There is a wide range of ventilative cooling principles, and their application depends on climate and microclimate, building type, ventilation approach and user expectations. Depending on possibilities and limitations in the actual case, the ventilative cooling (VC) system may come out as mechanical, hybrid or natural ventilation and may also be supplemented by other natural cooling technologies like ground cooling, earth-to-air heat exchangers or evaporative cooling.

In design and optimization of ventilative cooling the challenge is to sequentially minimize the cooling load, maximize the VC capacity to remove the load and, as a last step, minimize the electricity consumption of the supplementary cooling systems (if needed).

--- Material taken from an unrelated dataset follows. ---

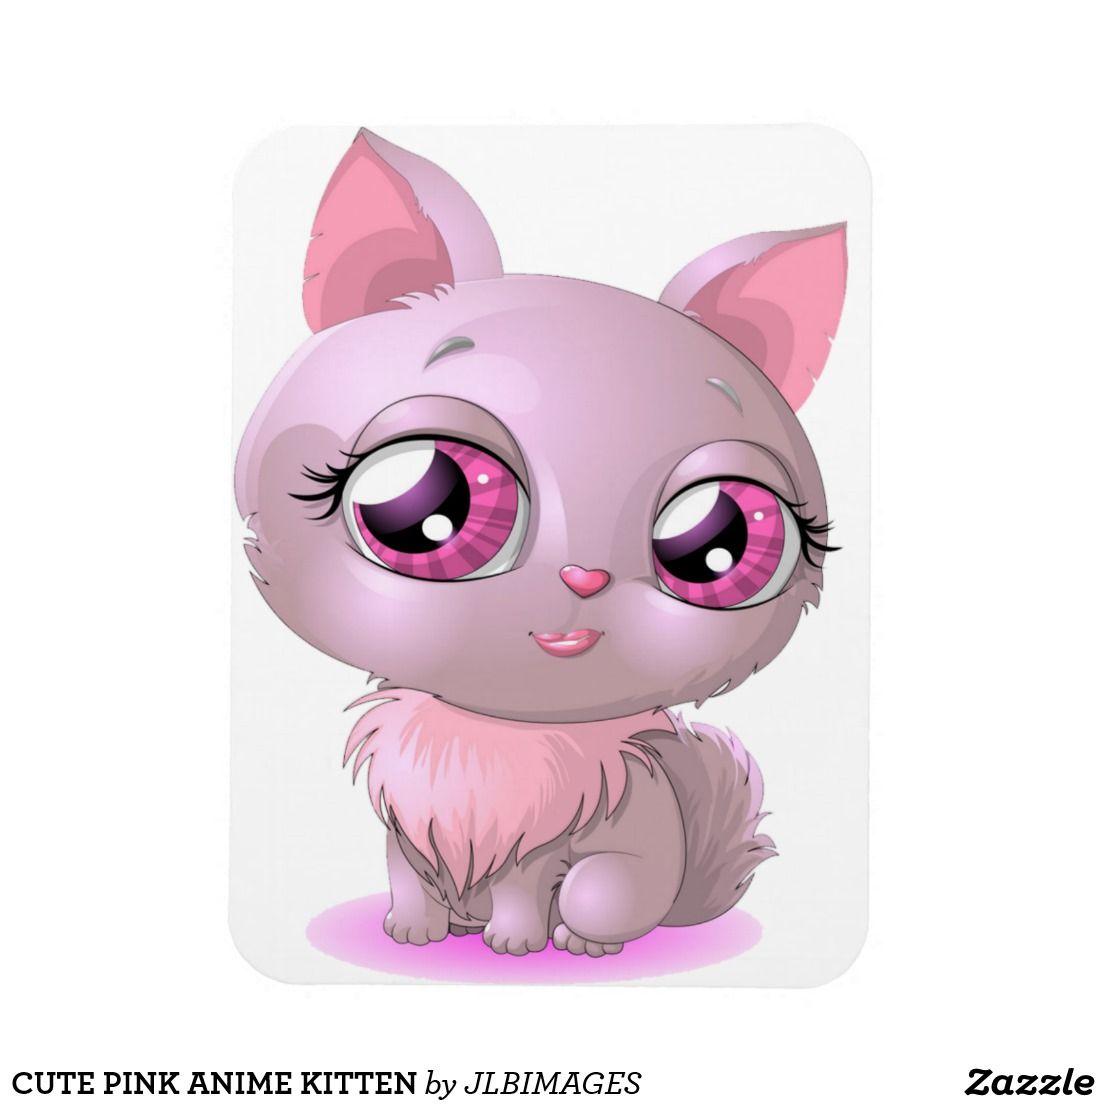 Cute Pink Anime Kitten Magnet Zazzle Com Anime Kitten Kitten

A design procedure adapted to ventilative cooling design is shown in the Figure 1. A ventilation design procedure consists of different phases: conceptual design phase, basic design phase, detailed design phase and design evaluation consisting of:

  • The conceptual design phase for ventilative cooling sets off by setting targets for indoor environment, energy use and cost and by performing an analysis of the ventilative cooling potential of the site taking into account both the climate, the surroundings, as well as overall building characteristics.
  • The basic design phase, the internal heat, solar and contaminant loads are estimated on room level and the ventilative cooling system layout is designed.
  • The detailed design phase, thermal loads are re-evaluated, and source control options are considered and/or optimized.
  • The design evaluation phase, detailed predictions of thermal comfort can be performed to ensure that the design fulfils the targets of the project.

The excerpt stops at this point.